Date: Monday, November 18, 2024

Title: Systemic Sclerosis & Related Disorders – Clinical Poster III

Session Type: Poster Session C

Session Time: 10:30AM-12:30PM

Background/Purpose: SSc patients have high disability and low quality of life (QoL), driven partially by poor physical function (PF), Gastro Intestinal (GI) problems, digital ulcers (DUs), and pain. The immune driven involvement of peripheral nerves has been identified as an understudied pathogenic step in key SSc manifestations, including Raynaud’s and GI involvement. On the contrary, the role of Peripheral Neuropathy (PN) in diabetes related manifestations including skin ulcers is well understood, mainly from lower limb studies and it has been suggested as potential surrogate marker for GI involvement, including gastroparesis[1]

Here we aim to build on the knowledge from diabetes and detect PN in a large SSc patient cohort, to start and dissect its role in the impact of SSc to patients’ lives.

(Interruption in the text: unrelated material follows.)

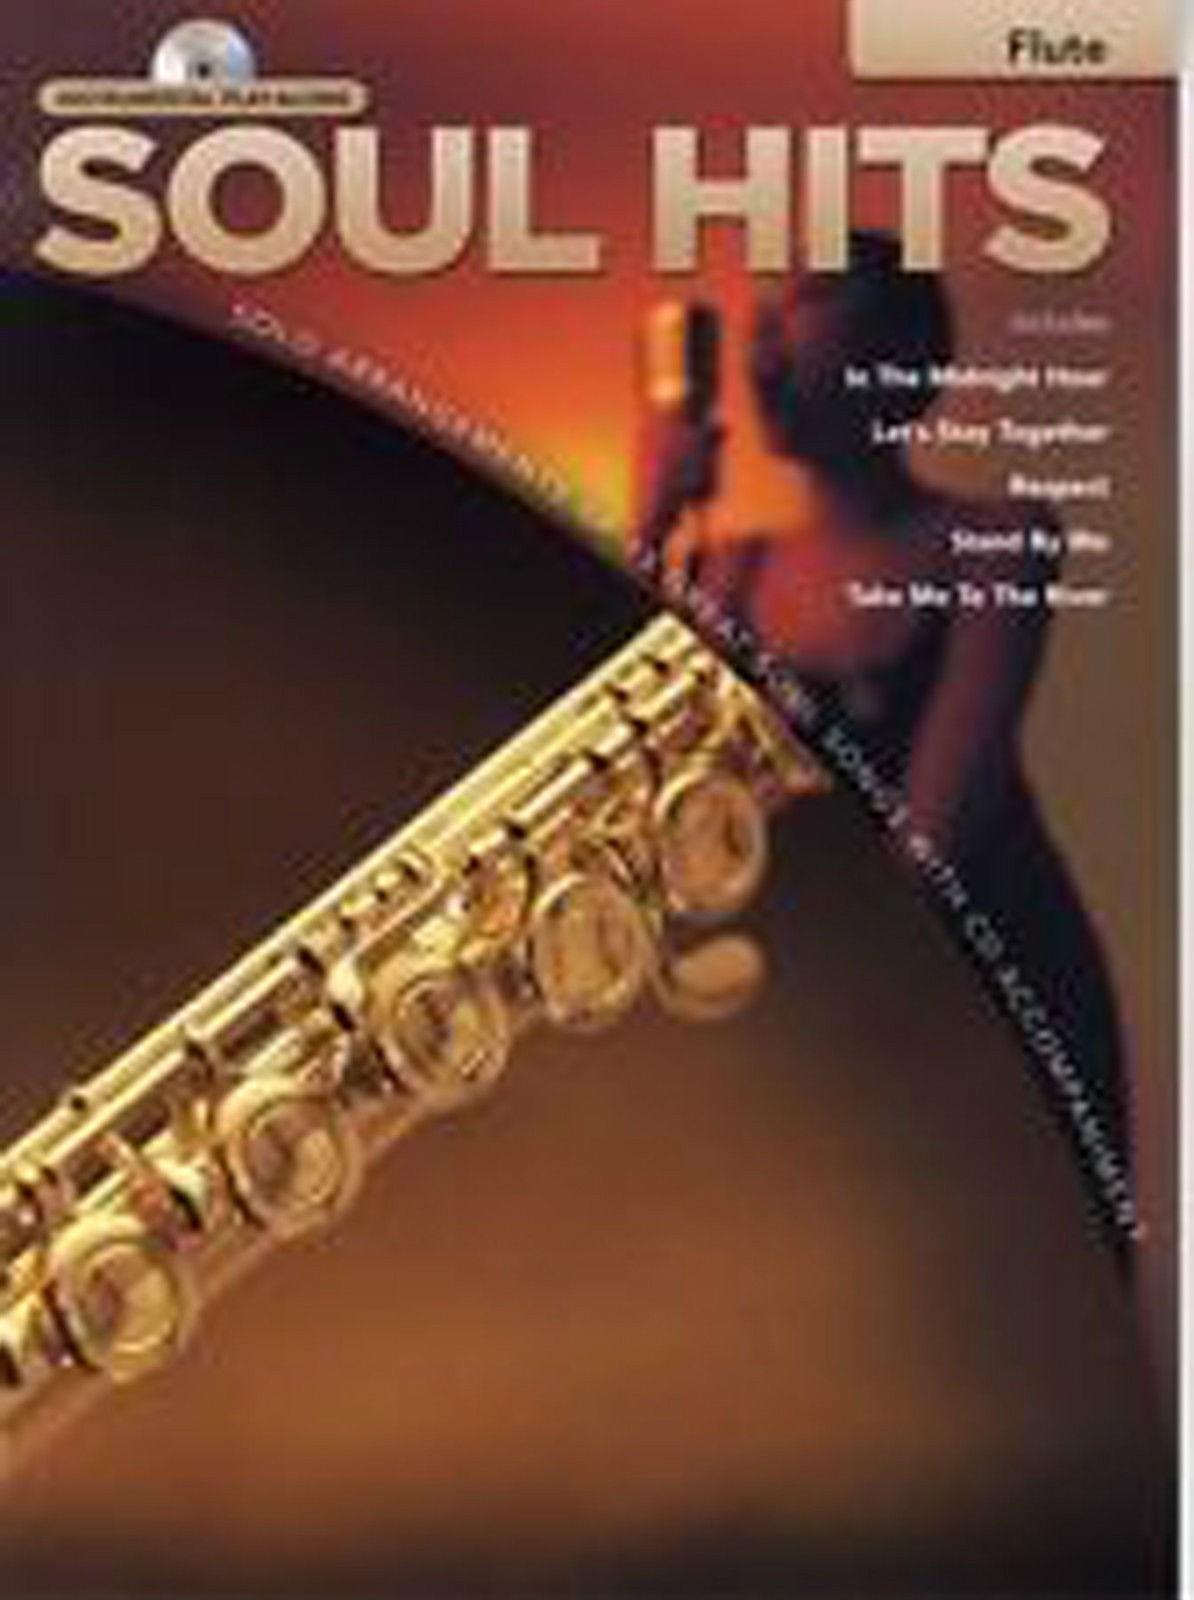 Hal Leonard Instrumental Play-Along Soul Hits Flute Book & CD B42

Methods: SSc patients and healthy controls (HC) comparable for age and gender, were enrolled in a cross-sectional observational case-control study. They underwent a detailed quantitative sensory testing of feet evaluating touch, vibratory, thermal, and pain sensitivity; investigating the presence of large and small fiber neuropathy. Neuropathic symptoms were assessed through numerical rating scales, and their impact through patient-reported outcomes on  disability  and QoL.

Results: 109 SSc patients (88.1% female, median age 59.0 years) and 51 HC were enrolled (table 1). SSc patients presented with a significant impairment in each sensory parameter assessed (p≤0.01 for all) (table 2). Foot PN was present in 85.3% of the patients, with 80% having small fiber and 57% large fiber neuropathy; co-existing in 51.4% of the cases. PN was associated with age, smoking, foot ulceration, disease duration and corticosteroids use. 82% patients with PN reported minimum one neuropathic symptom, while 18% were asymptomatic. Patients with neuropathic symptoms reported worse physical function on the SSc Health Assessment Questionnaire (1.47 [IQR 0.95-1.89] vs 0.74 [IQR 0.46-1.38]; p=0.003),  worse foot disability on the Manchester Foot Pain and Disability Index (median 22 [IQR 14-28] vs 18 [IQR 4-22]; p=0.01), and poorer QoL  on the Systemic Sclerosis Quality of Life Questionnaire (21 [IQR 11-24] vs 12 [IQR 6-20]; p=0.009).

Conclusion: Foot PN is a common and disabling manifestation in SSc, involving small and large fibres. Small fibres are also present in the enteric nervous system, thus highlighting the potential for PN being a surrogate marker for GI autonomic neuropathy. These results show the importance of including PSN assessment as a part of the SSc workup.

Supporting image 1

Table 1. Epidemiological and disease-specific characteristics of the cohort. Data are reported in median (IQR)* and n (%). No statistically significant differences between SSc and HC for every item reported.
dcSSc: diffuse cutaneous SSc; lcSSc: limited cutaneous SSc; mRSS: modified Rodnan skin score.

Supporting image 2

Table 2. Quantitative sensory testing results and symptoms for SSc patients and healthy controls. *Data are reported in median (IQR). Numeric Scale(NS)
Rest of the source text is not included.